Directions: Having located the line with "Wood-paneled mudroom with concrete floors", print it and each remaining line exactly, stopping at the end of the material and omitting pictures.

Collected material:
== == ==

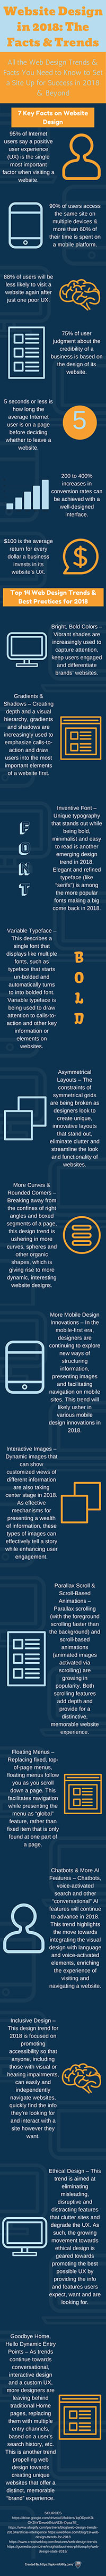 Web-Design-Trends-2018-200
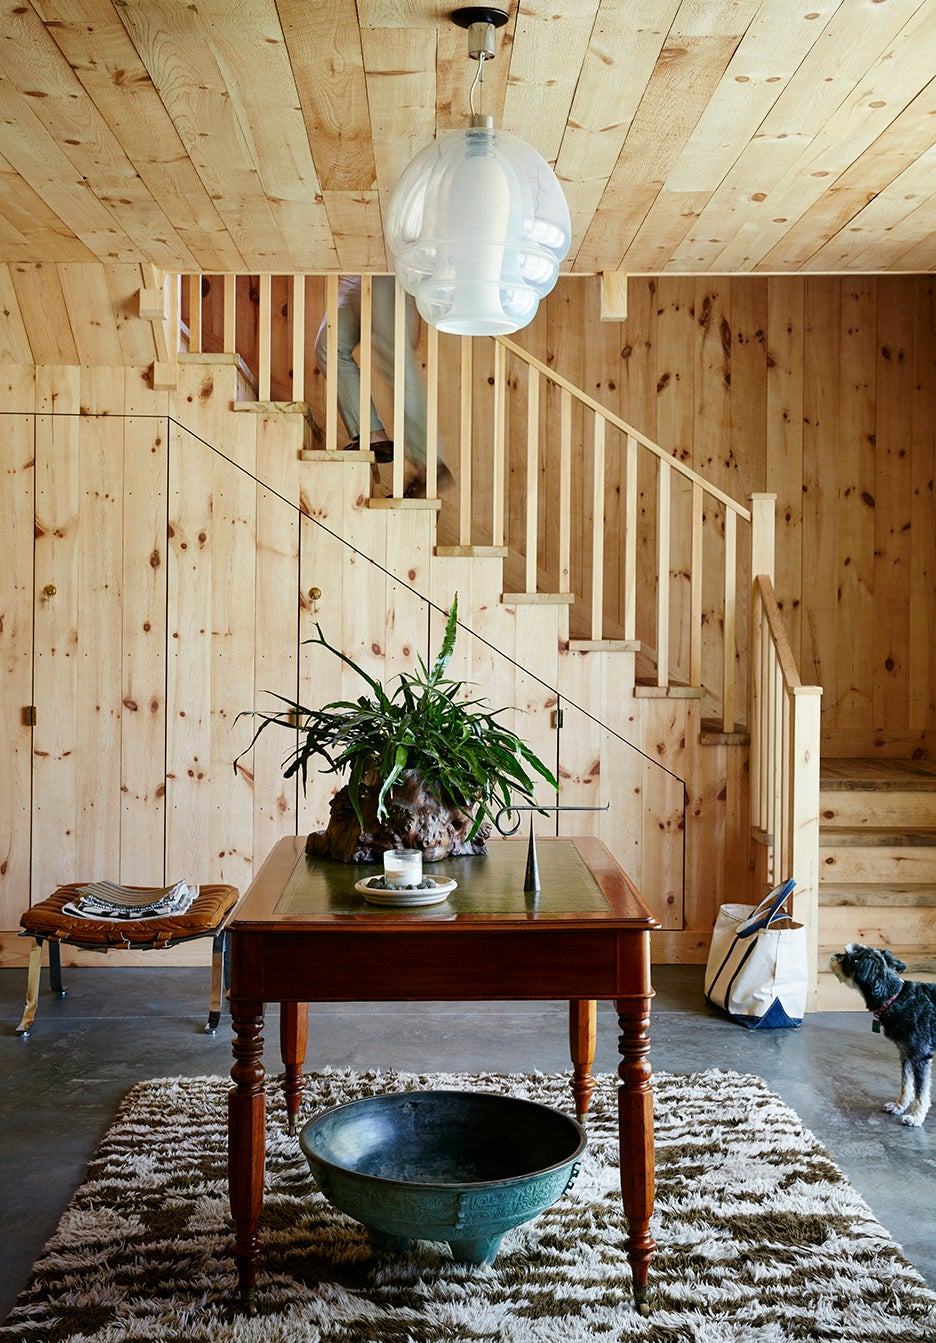 Wood-paneled mudroom with concrete floors
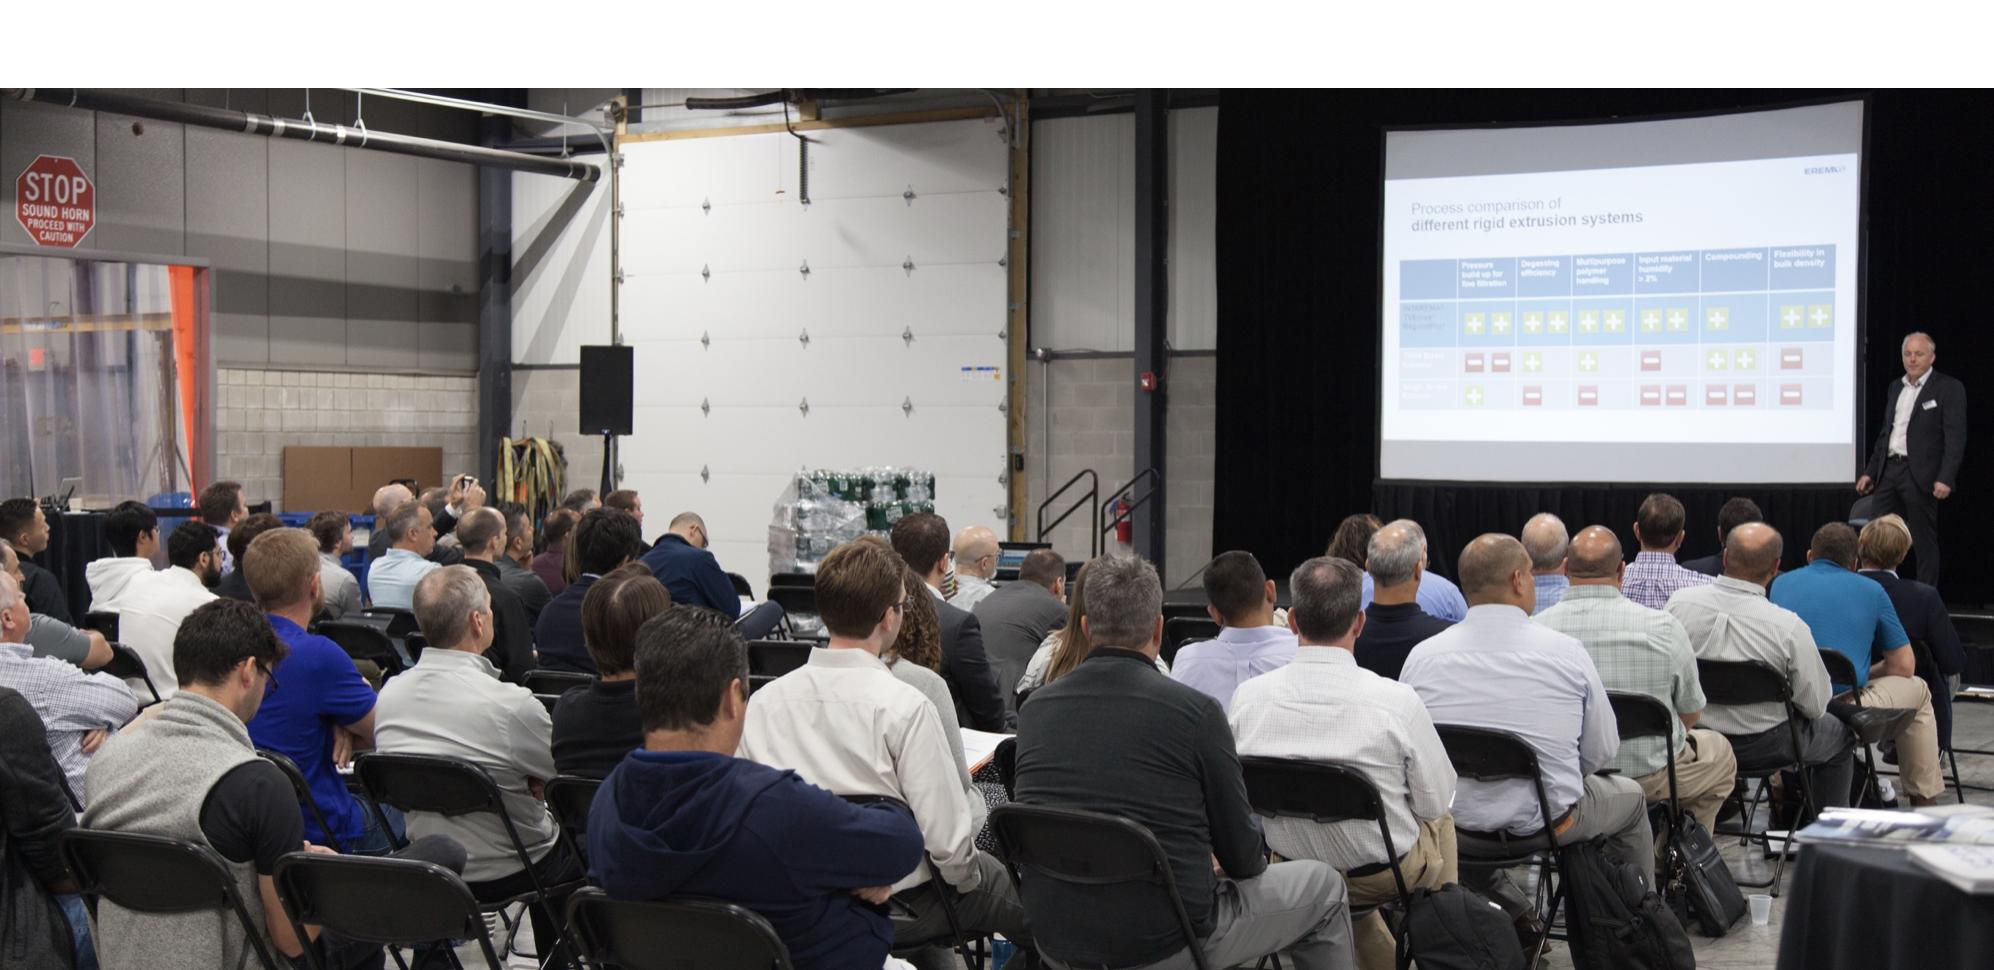 EREMA Discovery Day 2019_ Closing the Plastics Loop Presentations
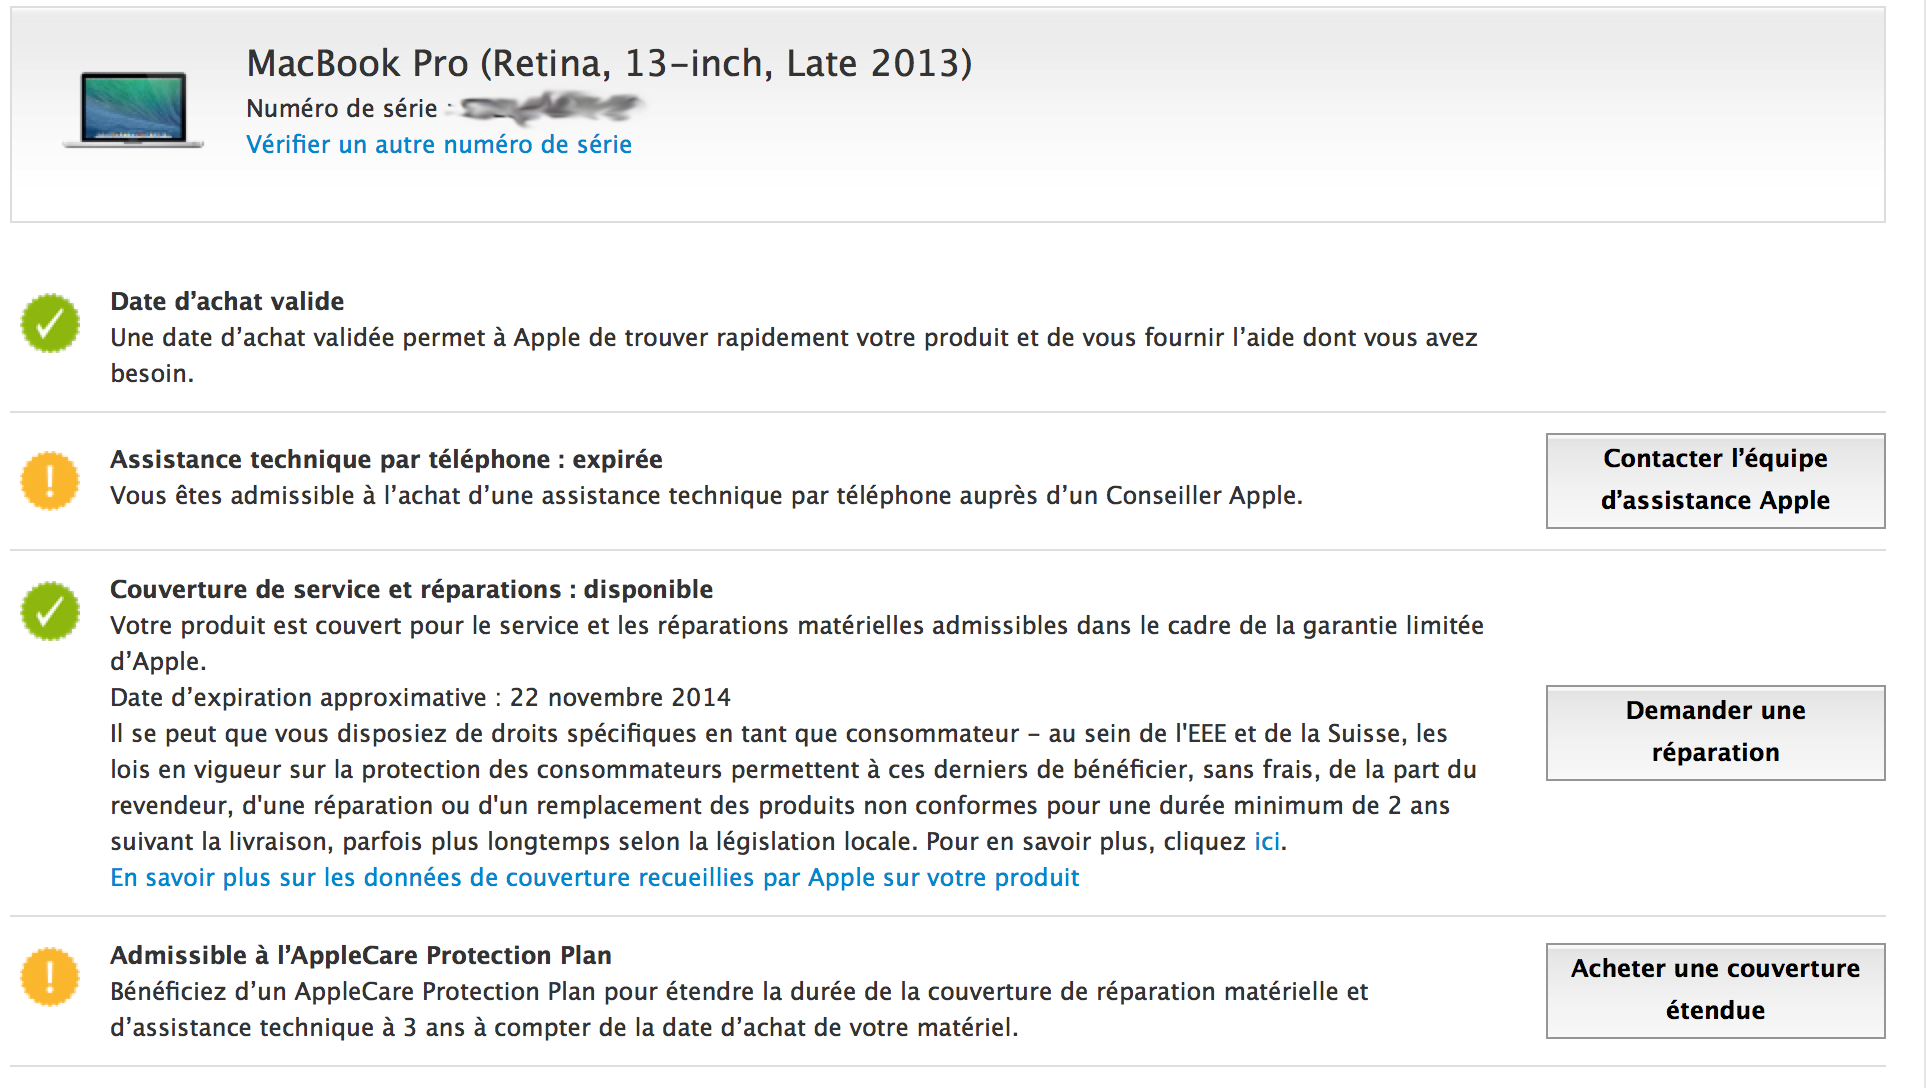 http://pluchke.free.fr/ventes/retina2.png

== == ==

Expected output:
 Wood-paneled mudroom with concrete floors
 EREMA Discovery Day 2019_ Closing the Plastics Loop Presentations
 http://pluchke.free.fr/ventes/retina2.png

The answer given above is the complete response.